A 2018 tribunal case has ruled that payments a father made to his son for assistance were not deductible for tax purposes.
Employing family members, including children, is a well-established tax planning tool for owner-managed businesses. Provided that there's a business reason for doing so, this shouldn't be a problem. In a very recent tax case Nicholson v HMRC  however, the First-tier Tribunal (FTT) decided that HMRC was correct to disallow expenses for ‘wages’ paid to the business owner's son.
Mr. Nicholson (N) is a self-employed sole trader selling central heating systems who, without the requisite IT skills, was trying to build up an internet business. He claimed that his son (who was at university) helped his business by promoting it online and distributing leaflets. He said that his son was at Leeds University studying for a Sports Science degree and he happened to be working in Leeds. He would buy his son food/drinks whenever he visited him. His son had been used to helping him with computer work for many years and therefore knew the nature of the business very well. If he had hired someone else, he ‘would have paid that person an awful lot more’. As a father, he had a vested interest in his son’s progress in life and wanted to make sure that he was giving him the best chance to succeed in his education. He asked him not to work for someone else so that it did not interfere with his studies. He paid his son by way of buying him his food on top of the cash payments (£1,850 out of £7,700 total salary claimed). Also, without the wages his son would not have been able to maintain his university studies. N also told the Court that he suffers from IBS, high blood pressure and has a heart murmur. He is therefore not always able to work and he finds it difficult to maintain his income levels. Without his son’s help, his own income would have been much lower. He therefore argued that the payments he made to his son whether in cash or ‘in kind’ were wholly and exclusively referable to his business and therefore allowable.

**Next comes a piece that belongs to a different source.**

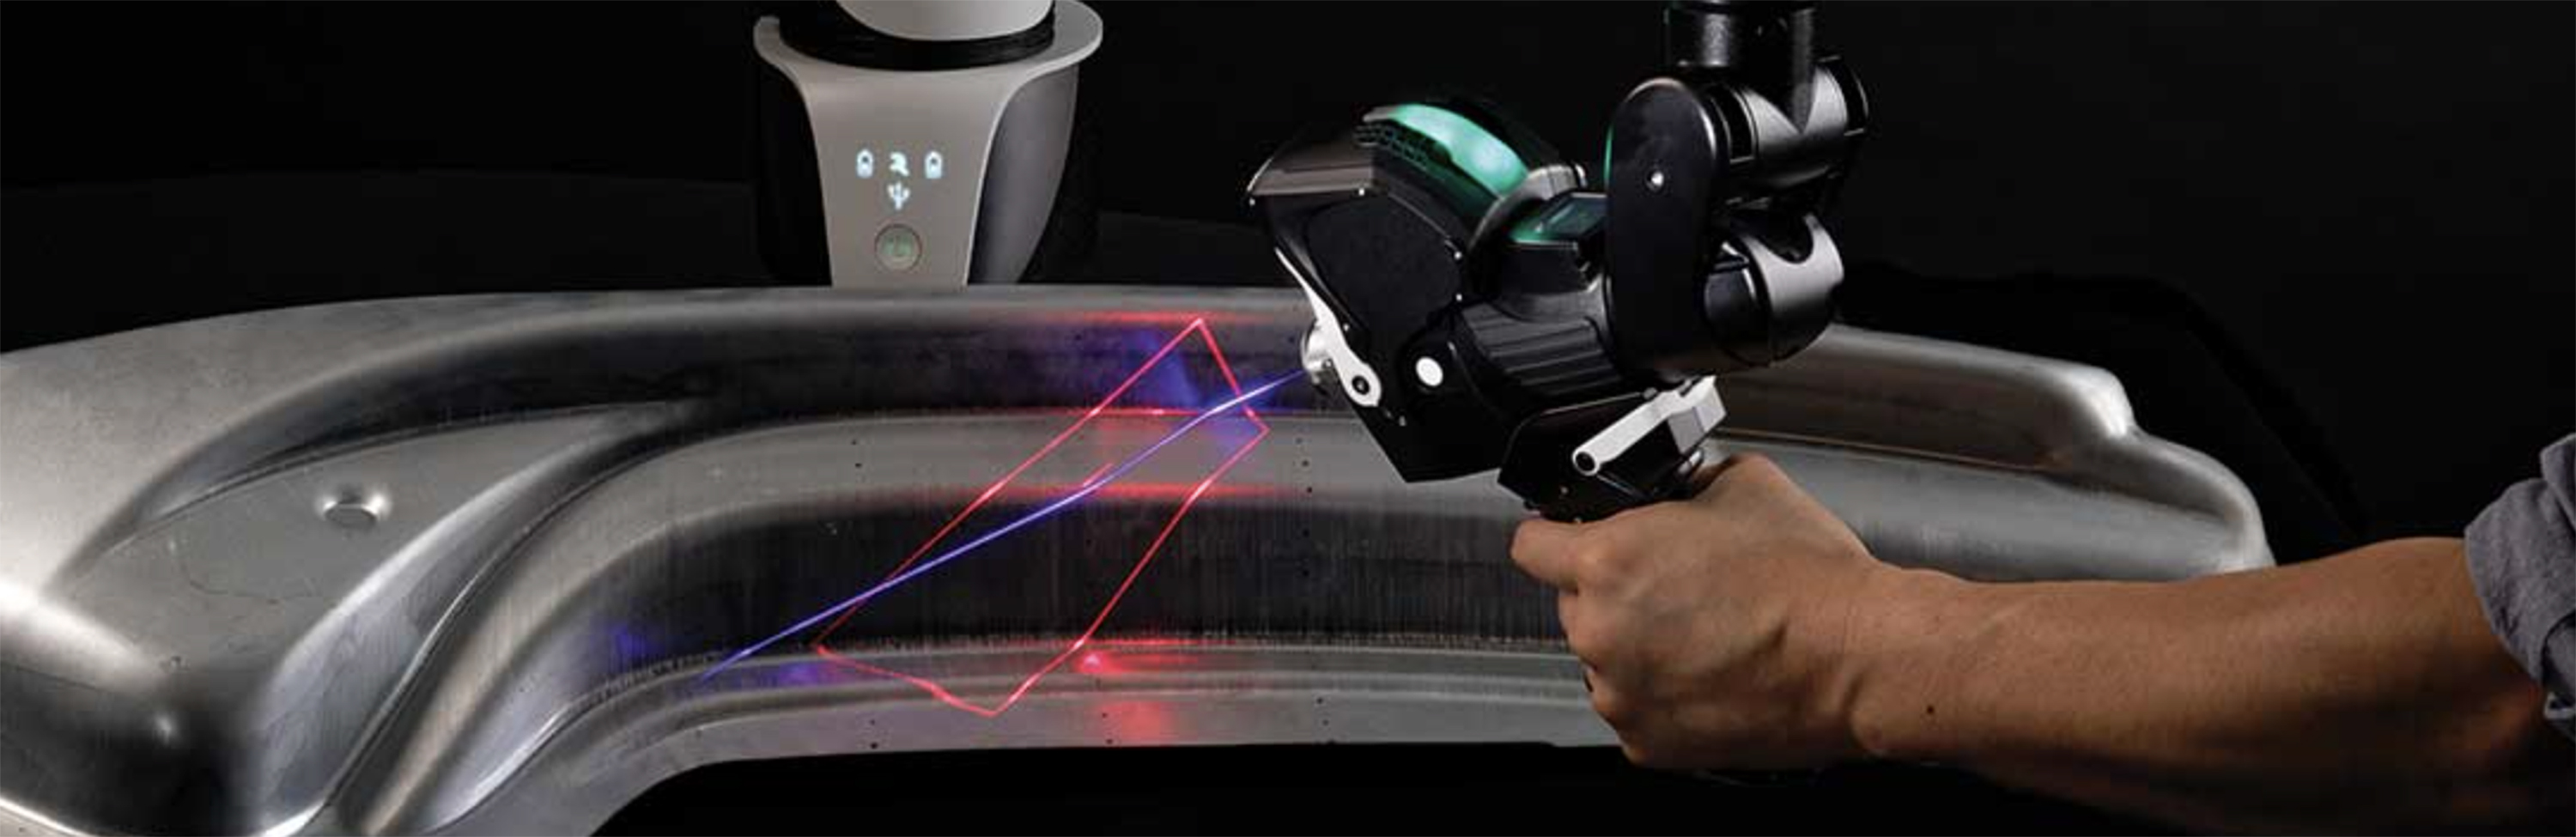 The Hexagon RS6 laser scanner can scan up to 1.2 million points/second with a scan rate of 300 Hz.

For the payments made to be deductible, they would have to be made wholly and exclusively for the purposes of the trade. Part of the issue was that regular wages were not paid in cash, but rather N paid some cash, and also bought goods such as food and drink, etc. for his son on his credit card. This shouldn't necessarily cause an issue, but the Court found that there was no way to reconcile the payments with actual work undertaken as there were no proper records. Possibly more damaging, however, were N's assertions that if he hadn't paid his son the money, he may have had to drop out of university. The Court concluded that, at best, the payments had a dual purpose (duality being fatal to the claim), including ‘parental affection’, and could not therefore be allowable.
N might have had more success if he had engaged his son under a formal contract of employment, paid him on the basis of hours worked and had been able to demonstrate the actual work performed.
Our advice is to ensure that you keep robust records to allow actual bank/cash payments to be reconciled and linked to work carried out. Make sure that amounts paid don't exceed those that a third party would charge for the same work, and ensure that the work is actually necessary and is carried out. Finally, if you operate as a limited company, consider making adult children directors instead of employees, as they can be paid for carrying out less frequent fiduciary duties as an ‘office holder’.